Мне прекрасно известны твои чувства, Сань. Но вспомни, за что ты сражался, в конце концов! За что все мы сражались! Не за погоны, кокарды и лампасы, дружище. Нет! Не за звания, должности и ранги! Не за награды, власть и славу! Мы сражались за жизнь, Сашка! За саму жизнь! Для наших близких, родных, знакомых и друзей. И прошу тебя, не надо её обесценивать. Не надо обесценивать те короткие жизни наших парней, которые отдали их, чтобы только мы остались и насладились этим даром немного подольше, чем они. И тем более не надо её отнимать у них. Да! Я соглашусь, что бывает больно и обидно, грустно и страшно, но мы должны преодолеть это хотя бы из уважения к тем пацанам, о которых ты говоришь. И я не думаю, что они согласились бы с твоим манифестом сейчас.
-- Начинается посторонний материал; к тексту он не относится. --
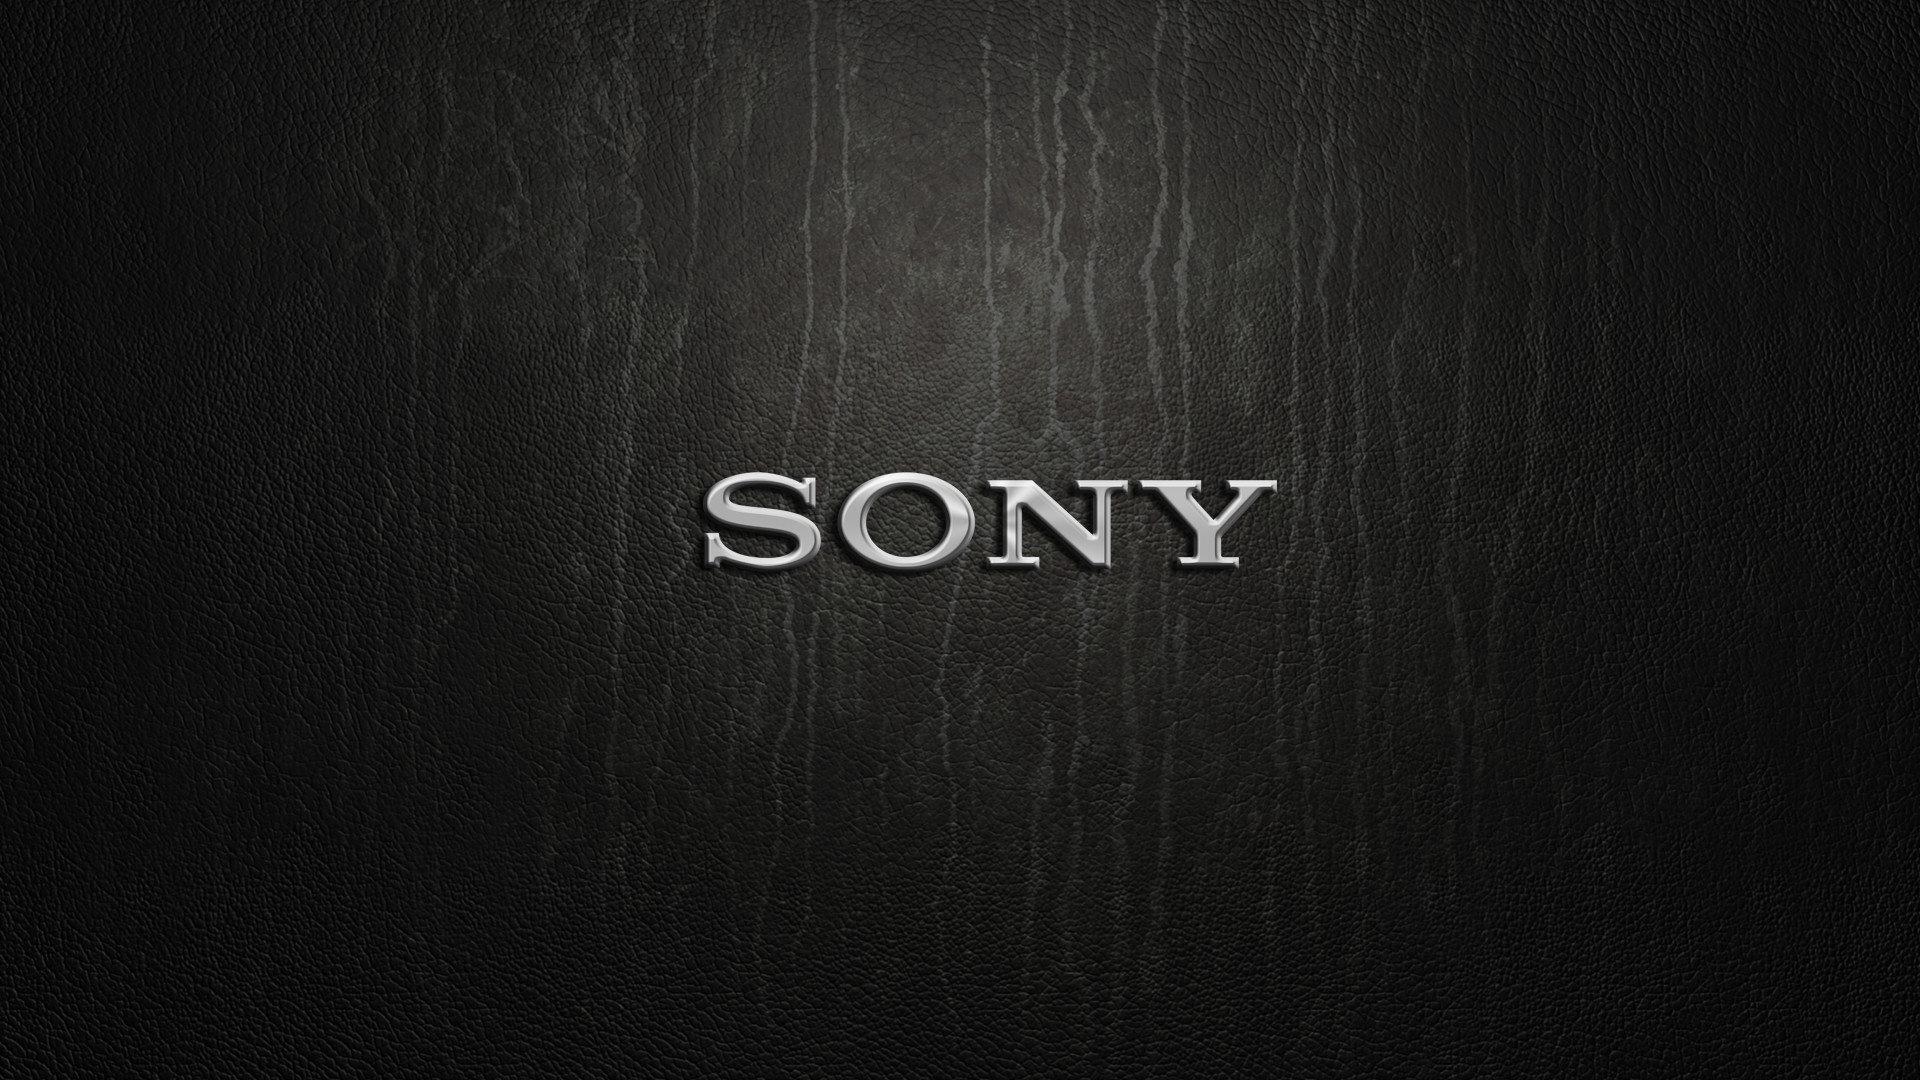 Sony Background

Не для того они погибали, брат, не для того
Нет! Это какая-то ошибка! Этого не должно было произойти с нами! Понимаешь? Нас ведь даже никто не спрашивал! Просто поставили перед фактом и послали на забой, словно скот! причитал со слезами на глазах Смирнов в коридоре под своей дверью.
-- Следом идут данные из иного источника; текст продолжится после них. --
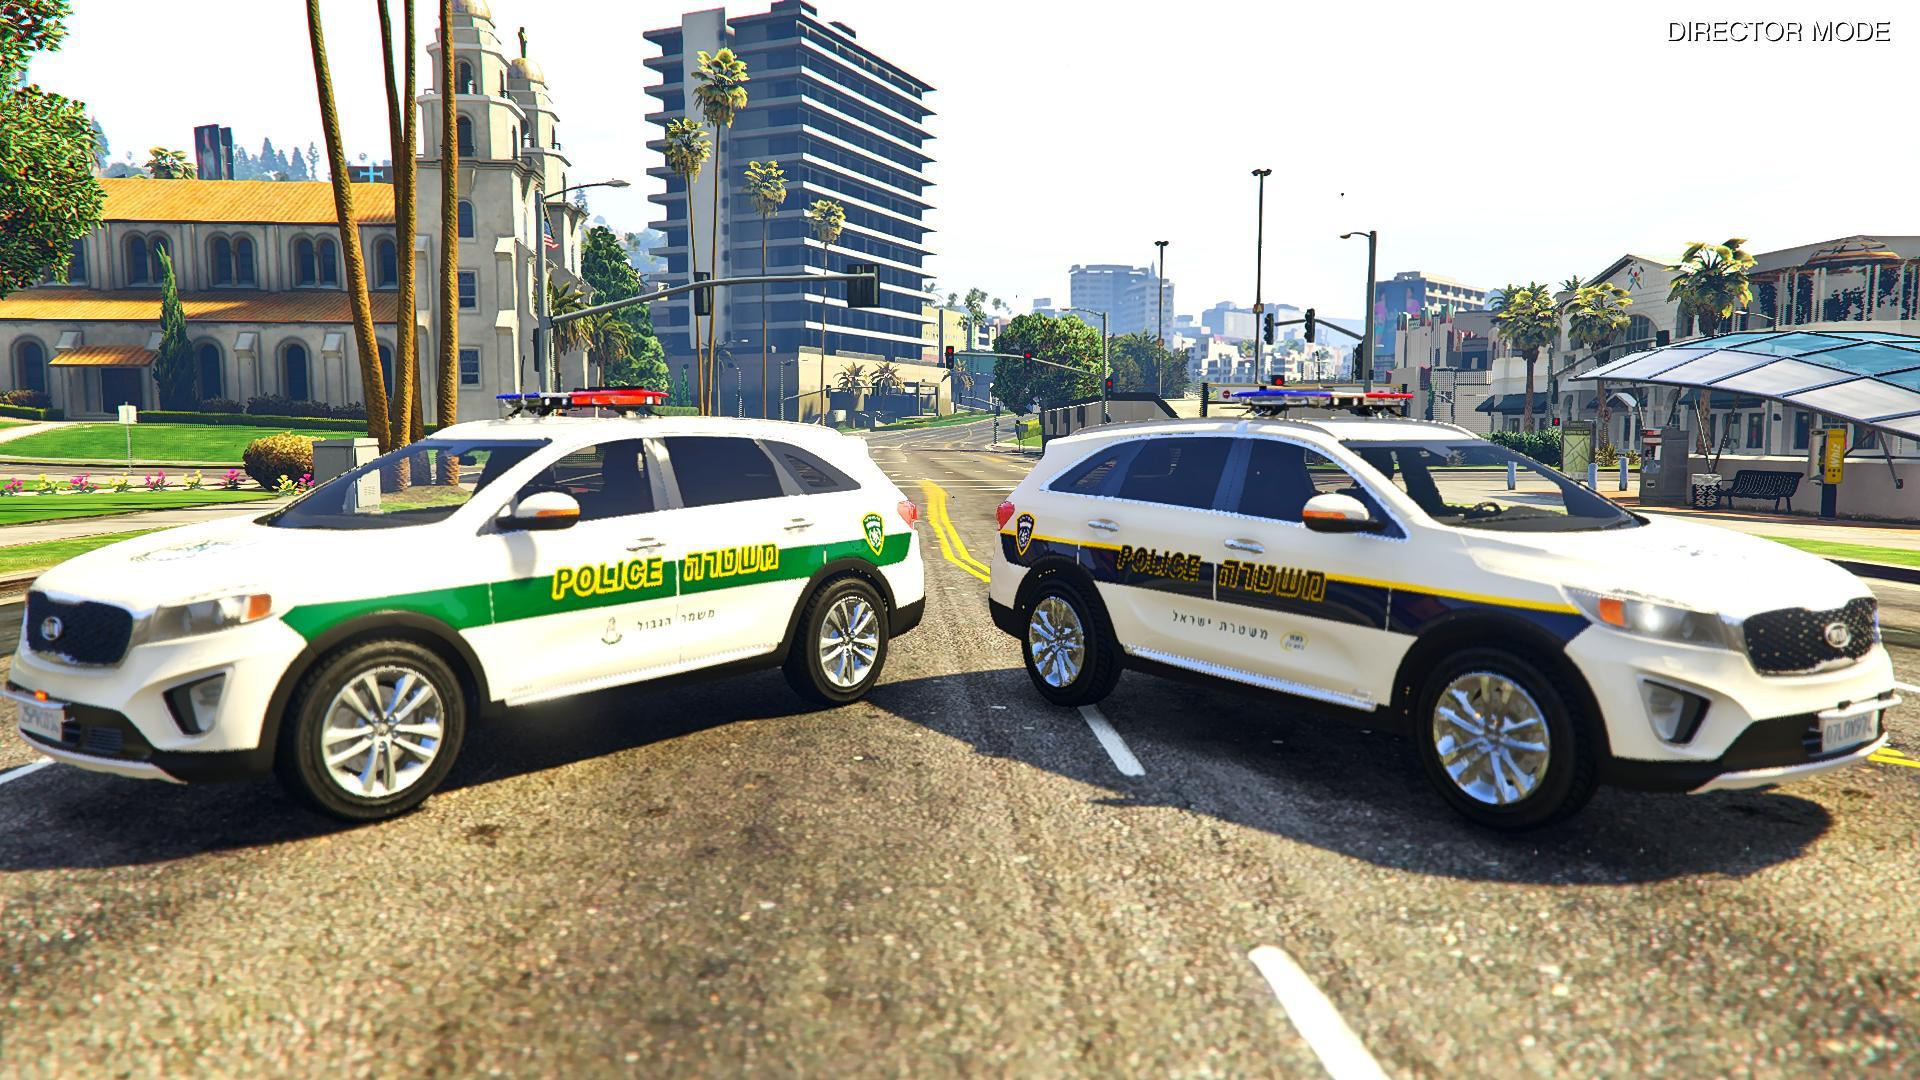 gta 5 director mode police

Мы готовы к штурму, сказал командир спецназа Григоричу, который теперь курировал Маркова по телефонной гарнитуре, и тот услышал эти слова.
Нет! Стойте! резко выпалил он и тут же осёкся, понимая, что это слышит и его бывший сослуживец за дверью.
С кем это ты, Паш? Неужели и ты тоже?
Сань, я тут. Я тебя прошу, Сань, брось ты эту затею, сказал он и сбросил вызов на телефоне. Посмотри, на улице весна. Давай как в старые, добрые времена, скоро поедем ко мне на дачу! Банька, шашлычки. Ты своих девчонок возьмёшь, я своих. Вспомни, как раньше было!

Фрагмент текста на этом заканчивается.